The Function of Plant Roots

Investigating Water Uptake, Anchorage, and Food Storage in Roots

© Dennis Holley

Aug 7, 2009
If Plants Dry, They Die, bensonkua
In most vascular plants, the roots compose the underground portion of the plant and perform several vital functions: absorption, anchorage, and food storage.

Branching, twining, overlapping, and even connecting, the roots of plants grow with as much vigor and riotous enthusiasm below ground as the stems, leaves, and flowers that soar above ground.

Dehydration is a Constant Threat

Unlike animals, plants are not watertight. Plants need to draw carbon dioxide into their leaves for photosynthesis. This requires openings in the leaves so as one gas enters – carbon dioxide – another, in the form of water vapor, can exit and evaporate through those same openings.

When a plant loses water in the form of vapor to the open air, the turgor pressure (internal cell pressure) of its cells decreases. This in turn results in a decrease in the overall stiffness of the plant. If water continues to be lost and is not replaced, the leaves and stem of an herbaceous (nonwoody) plant become increasingly limp and the plant wilts.

Roots as Organs of Uptake

Water and minerals move from soil spaces into the root through the root hair cells that cover some sections of the root. Water and minerals move into root hair cells through one of two processes:

Osmosis. molecules of gases and liquids move of their own accord (no energy input required) from areas of high concentration to areas of low concentration through a process known as diffusion Once balance is reached, no further diffusion occurs. The diffusion of water only is known specifically as osmosis.

The concentration of water molecules is usually higher in the soil spaces around the root and lower inside the root hair cells. Because of this concentration difference and because the thin cell walls of root hairs are permeable to water, water moves by osmosis from the soil spaces into the cytoplasm of root hair cells covering sections of the roots.

Active Transport.

If plants needed to take in water only and soil moisture was always plentiful, osmosis alone would suffice. However, there are situations in which the plant must move molecules against the concentration gradient and expend energy to do so.

The process by which plants use cellular energy to move materials from an area of low concentration to an area of high concentration is known as active transport. Active transport is necessary when roots must absorb dissolved nutrients such as minerals whose concentration in soil spaces is lower than that in root cells. Active transport is also required to keep what little water remains in soil spaces moving into the roots during dry spells and droughts.

The energy for active transport is derived from a molecule of adenosine triphosphate (ATP) and oxygen. Thus roots need a constant supply of oxygen to survive. Normally, roots obtain oxygen from the air in soil spaces but if these spaces are totally filled with water, the plant dies. This is one reason why floods destroy farm crops so quickly and also the reason why houseplants can be killed by over-watering.

Roots as Anchors

The extent of a root system – the depth to which it penetrates the soil and the distance it spreads laterally – is dependent upon several factors, including the moisture, temperature, and composition of the soil. The bulk of most “feeder roots” (roots actively engaged in the uptake of water and minerals) occurs in the upper meter of soil, the part of the soil normally richest in organic matter.

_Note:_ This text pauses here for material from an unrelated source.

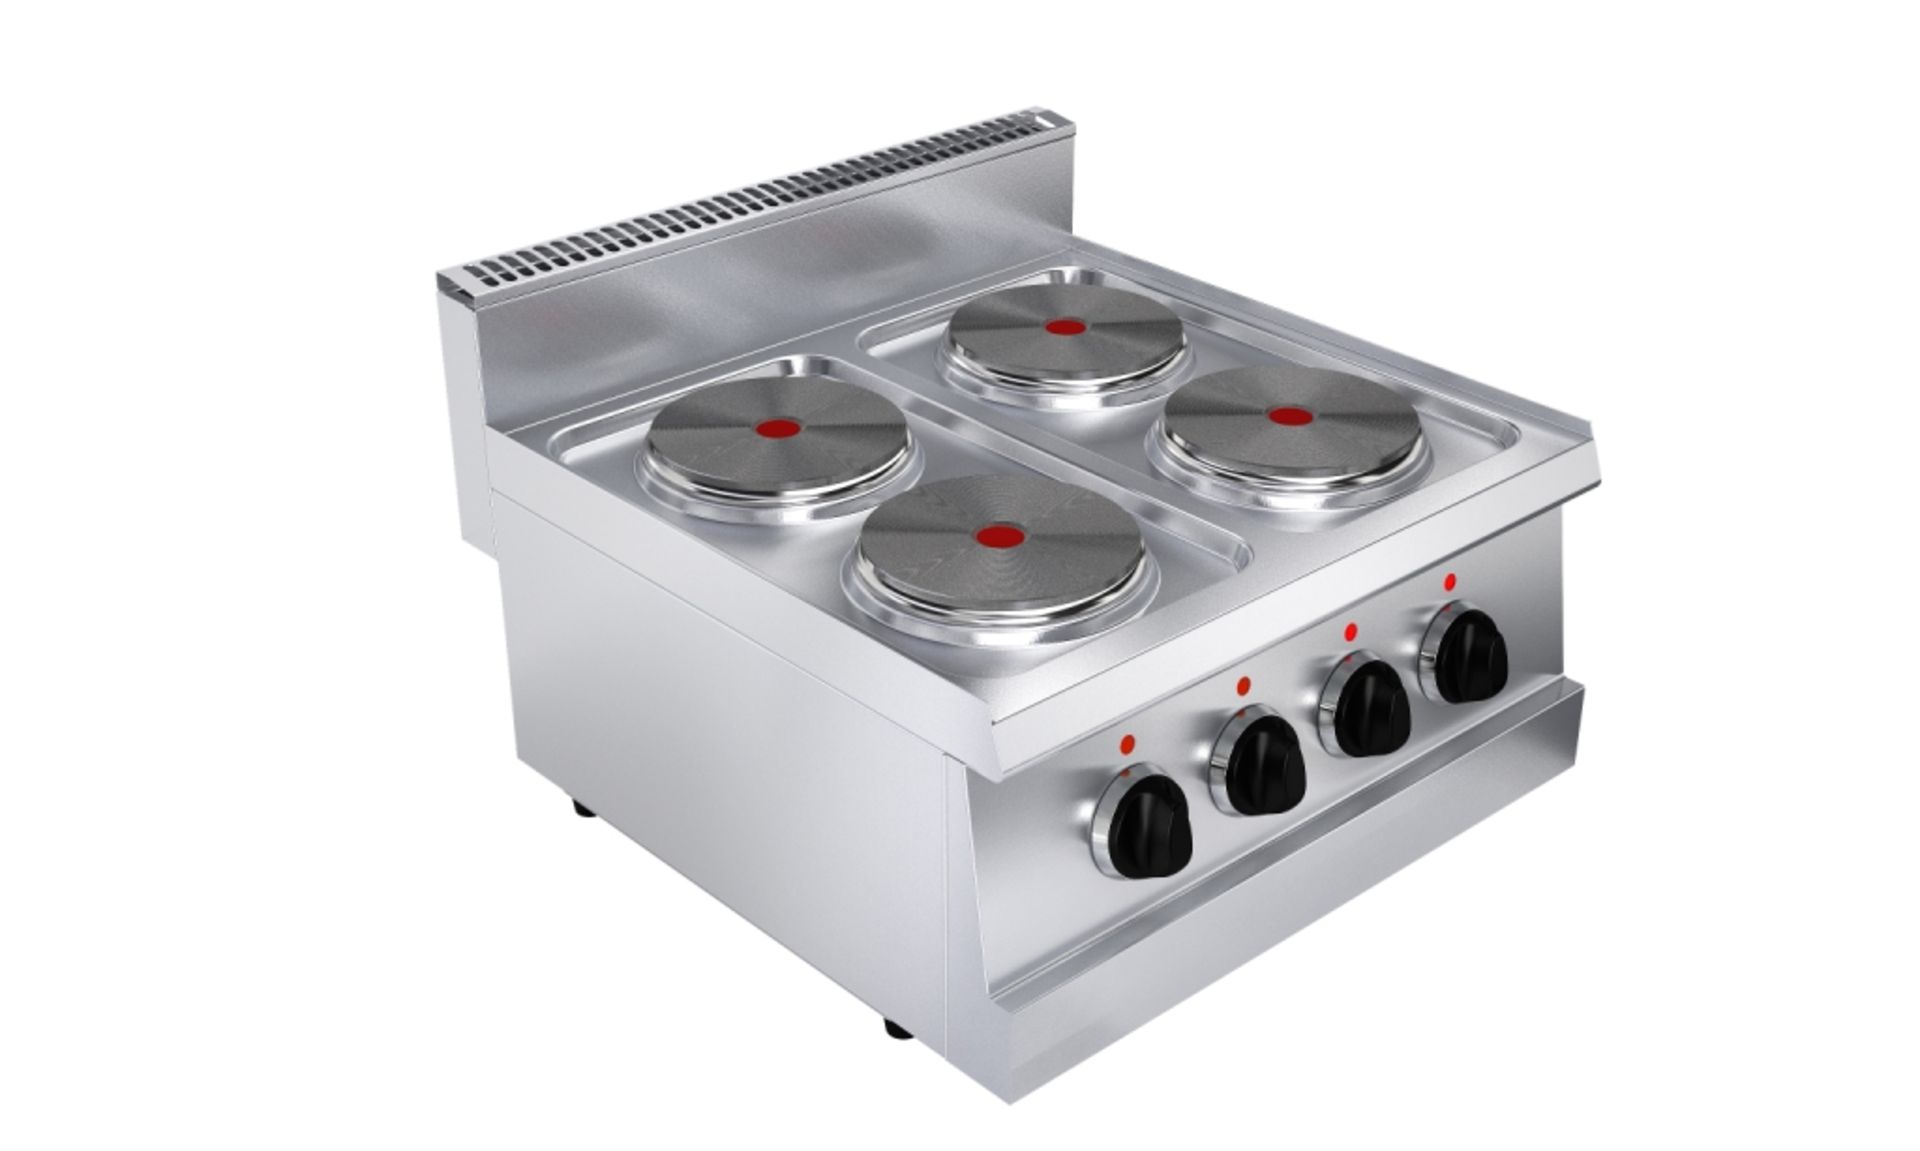 Boiling top with 4 round plates - 4 x 1.5kW - 600W - Electric - RG6K200E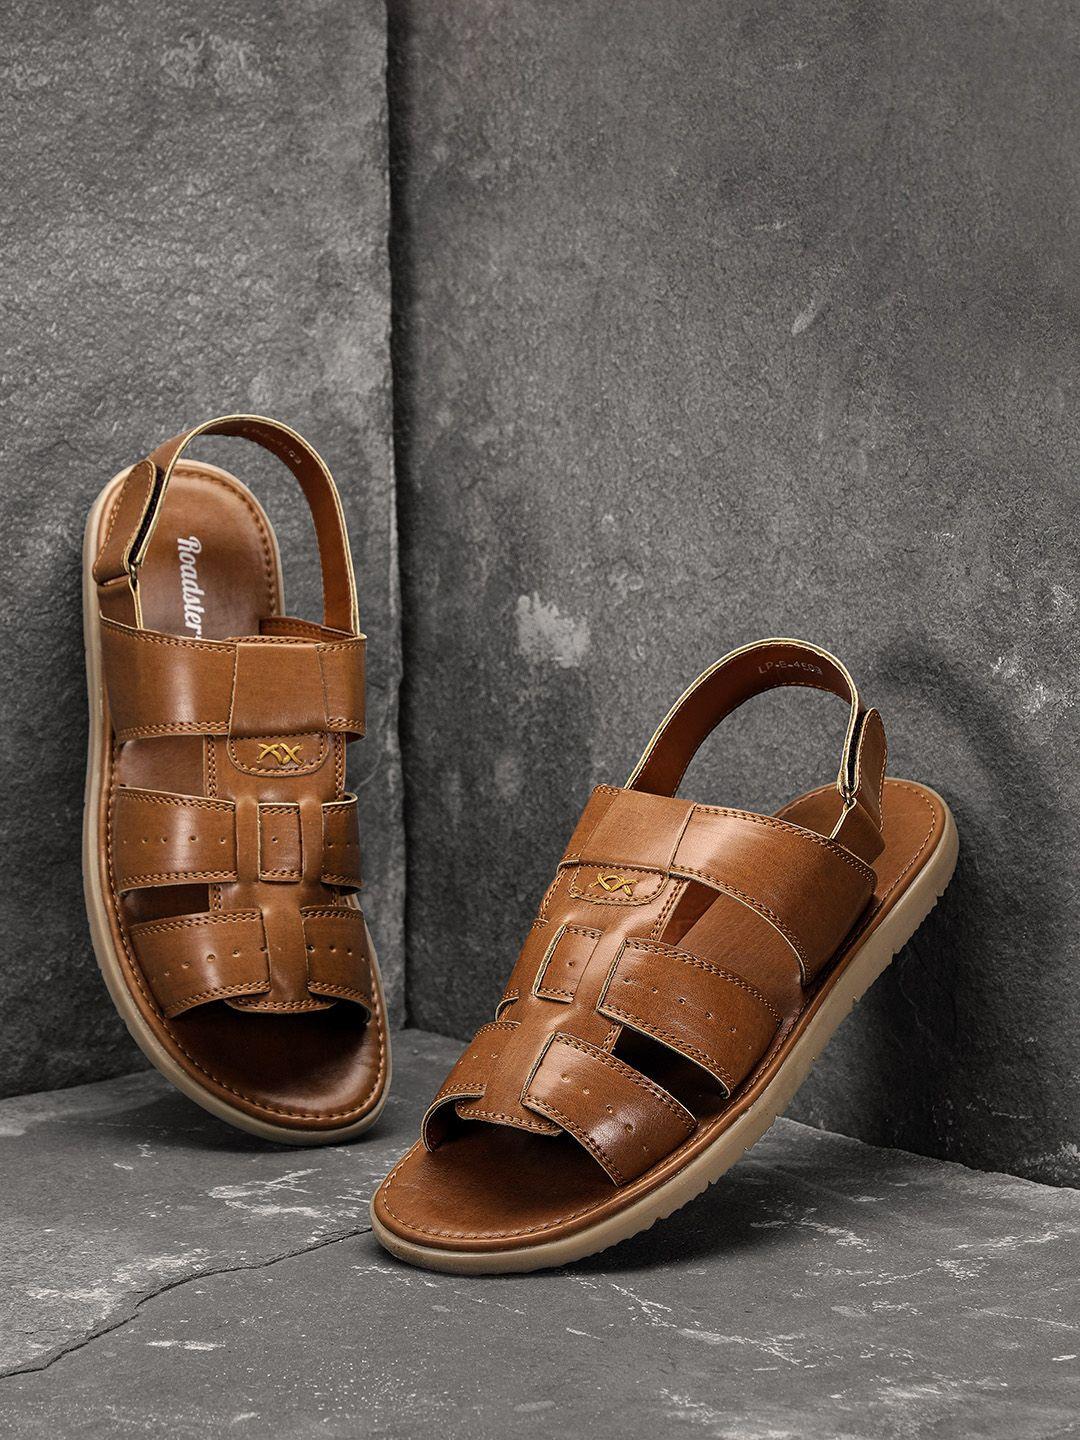 roadster men brown solid comfort sandals with perforated detail

In an intensive study of the fibrous roots of winter rye, H.J. Dittmer found that one plant 20 inches high, consisting of a clump of 80 shoots, had a total of 14 million roots – main roots, secondaries, tertiaries, and quaternaries. The total surface area of the root system was 4,000 square feet – equal to the floor space of two or three good-sized houses – or 130 times the surface area of the stems and leaves. If laid end to end, these roots would have had a length greater than the distance from New York City to Washington, D.C. or around 600 km (360 miles).

Amazingly, all these roots occupied only about 6 liters (2 cubic feet) of soil. Such extensive root systems so thoroughly permeate the soil around them that they not only serve to secure the plant into ground but they also become ecologically important in holding topsoil so that it does not get washed away by rains.

Roots as Food Storage Organs

Most roots are important storage organs, and some, such as those of the carrot, beet, radish, sweet potato, and sugar beet, are specifically adapted for the storage of food.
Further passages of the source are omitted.